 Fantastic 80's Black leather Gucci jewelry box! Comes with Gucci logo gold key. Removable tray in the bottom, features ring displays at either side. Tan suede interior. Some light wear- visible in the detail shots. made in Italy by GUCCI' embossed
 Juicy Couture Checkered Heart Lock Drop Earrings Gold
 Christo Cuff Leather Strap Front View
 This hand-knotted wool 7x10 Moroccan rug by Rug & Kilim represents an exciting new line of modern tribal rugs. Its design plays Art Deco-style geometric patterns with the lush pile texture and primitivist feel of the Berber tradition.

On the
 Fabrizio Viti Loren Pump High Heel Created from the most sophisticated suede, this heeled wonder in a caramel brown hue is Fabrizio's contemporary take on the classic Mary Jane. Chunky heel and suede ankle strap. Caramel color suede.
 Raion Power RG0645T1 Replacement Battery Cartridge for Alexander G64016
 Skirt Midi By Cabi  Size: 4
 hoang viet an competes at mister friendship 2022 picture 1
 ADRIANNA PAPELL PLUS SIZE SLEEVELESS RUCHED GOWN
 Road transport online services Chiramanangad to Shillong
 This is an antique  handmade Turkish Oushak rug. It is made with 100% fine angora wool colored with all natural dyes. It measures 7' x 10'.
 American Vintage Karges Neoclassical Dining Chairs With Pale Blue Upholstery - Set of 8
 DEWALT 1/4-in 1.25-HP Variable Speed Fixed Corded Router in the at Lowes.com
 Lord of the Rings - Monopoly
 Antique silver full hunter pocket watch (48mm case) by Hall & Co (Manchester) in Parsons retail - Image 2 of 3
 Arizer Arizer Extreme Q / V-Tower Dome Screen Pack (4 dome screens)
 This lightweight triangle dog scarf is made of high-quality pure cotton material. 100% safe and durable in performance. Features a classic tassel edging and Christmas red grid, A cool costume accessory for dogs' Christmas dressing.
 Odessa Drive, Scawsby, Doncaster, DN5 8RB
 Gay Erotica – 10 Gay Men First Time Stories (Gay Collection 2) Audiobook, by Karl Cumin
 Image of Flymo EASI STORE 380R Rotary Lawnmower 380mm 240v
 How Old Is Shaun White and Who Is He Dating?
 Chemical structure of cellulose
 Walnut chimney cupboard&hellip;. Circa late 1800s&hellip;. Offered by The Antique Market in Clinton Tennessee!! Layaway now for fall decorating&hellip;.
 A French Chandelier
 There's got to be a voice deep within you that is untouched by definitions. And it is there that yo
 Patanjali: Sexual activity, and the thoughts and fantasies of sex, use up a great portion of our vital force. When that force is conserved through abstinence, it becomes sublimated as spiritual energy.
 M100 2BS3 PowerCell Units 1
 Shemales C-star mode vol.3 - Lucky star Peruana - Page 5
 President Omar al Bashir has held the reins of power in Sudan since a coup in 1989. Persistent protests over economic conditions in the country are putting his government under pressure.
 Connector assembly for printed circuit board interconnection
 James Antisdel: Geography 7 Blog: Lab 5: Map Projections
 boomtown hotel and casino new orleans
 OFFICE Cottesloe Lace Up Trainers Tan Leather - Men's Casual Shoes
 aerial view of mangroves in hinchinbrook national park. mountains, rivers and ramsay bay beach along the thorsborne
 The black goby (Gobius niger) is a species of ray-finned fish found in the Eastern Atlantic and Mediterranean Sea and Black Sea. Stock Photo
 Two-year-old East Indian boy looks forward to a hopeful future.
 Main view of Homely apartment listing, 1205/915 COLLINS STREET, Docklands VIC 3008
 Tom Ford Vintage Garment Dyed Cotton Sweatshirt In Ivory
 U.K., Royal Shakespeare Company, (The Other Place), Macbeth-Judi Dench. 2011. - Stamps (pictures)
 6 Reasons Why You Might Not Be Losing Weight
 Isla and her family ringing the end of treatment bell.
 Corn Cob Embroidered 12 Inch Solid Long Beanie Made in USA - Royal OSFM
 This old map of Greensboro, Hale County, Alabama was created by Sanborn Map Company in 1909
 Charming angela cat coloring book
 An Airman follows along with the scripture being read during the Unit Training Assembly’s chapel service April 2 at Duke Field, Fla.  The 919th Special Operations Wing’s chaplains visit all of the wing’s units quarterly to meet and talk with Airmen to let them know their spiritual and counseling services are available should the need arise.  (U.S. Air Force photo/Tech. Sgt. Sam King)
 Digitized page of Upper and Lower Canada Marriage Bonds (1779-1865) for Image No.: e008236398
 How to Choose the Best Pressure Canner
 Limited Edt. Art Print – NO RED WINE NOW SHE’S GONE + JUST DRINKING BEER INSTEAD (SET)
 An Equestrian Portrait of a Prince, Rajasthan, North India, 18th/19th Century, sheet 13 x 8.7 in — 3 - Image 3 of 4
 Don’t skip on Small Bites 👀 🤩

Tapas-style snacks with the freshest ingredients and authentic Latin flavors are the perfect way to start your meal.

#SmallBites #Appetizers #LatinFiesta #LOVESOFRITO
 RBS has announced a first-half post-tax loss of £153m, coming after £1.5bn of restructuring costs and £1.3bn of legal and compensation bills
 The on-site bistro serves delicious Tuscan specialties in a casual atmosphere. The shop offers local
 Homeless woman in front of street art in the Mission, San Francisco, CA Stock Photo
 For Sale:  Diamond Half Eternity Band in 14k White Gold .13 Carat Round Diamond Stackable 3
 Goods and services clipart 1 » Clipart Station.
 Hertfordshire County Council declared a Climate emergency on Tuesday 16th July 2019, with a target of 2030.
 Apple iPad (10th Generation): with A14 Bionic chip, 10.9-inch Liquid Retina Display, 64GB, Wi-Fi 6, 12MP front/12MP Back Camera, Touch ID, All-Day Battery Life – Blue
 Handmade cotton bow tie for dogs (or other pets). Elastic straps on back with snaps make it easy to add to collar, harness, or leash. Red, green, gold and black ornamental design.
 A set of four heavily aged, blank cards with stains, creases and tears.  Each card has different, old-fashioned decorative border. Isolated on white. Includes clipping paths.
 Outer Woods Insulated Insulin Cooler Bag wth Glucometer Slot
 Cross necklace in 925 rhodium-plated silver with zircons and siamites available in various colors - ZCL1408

§ **DIRECTIONS FOR THIS TASK**:
Find each line in the listing above that contains "design", and copy that line.

§ **OUTPUT OF THE TASK**:
 This hand-knotted wool 7x10 Moroccan rug by Rug & Kilim represents an exciting new line of modern tribal rugs. Its design plays Art Deco-style geometric patterns with the lush pile texture and primitivist feel of the Berber tradition.
 Handmade cotton bow tie for dogs (or other pets). Elastic straps on back with snaps make it easy to add to collar, harness, or leash. Red, green, gold and black ornamental design.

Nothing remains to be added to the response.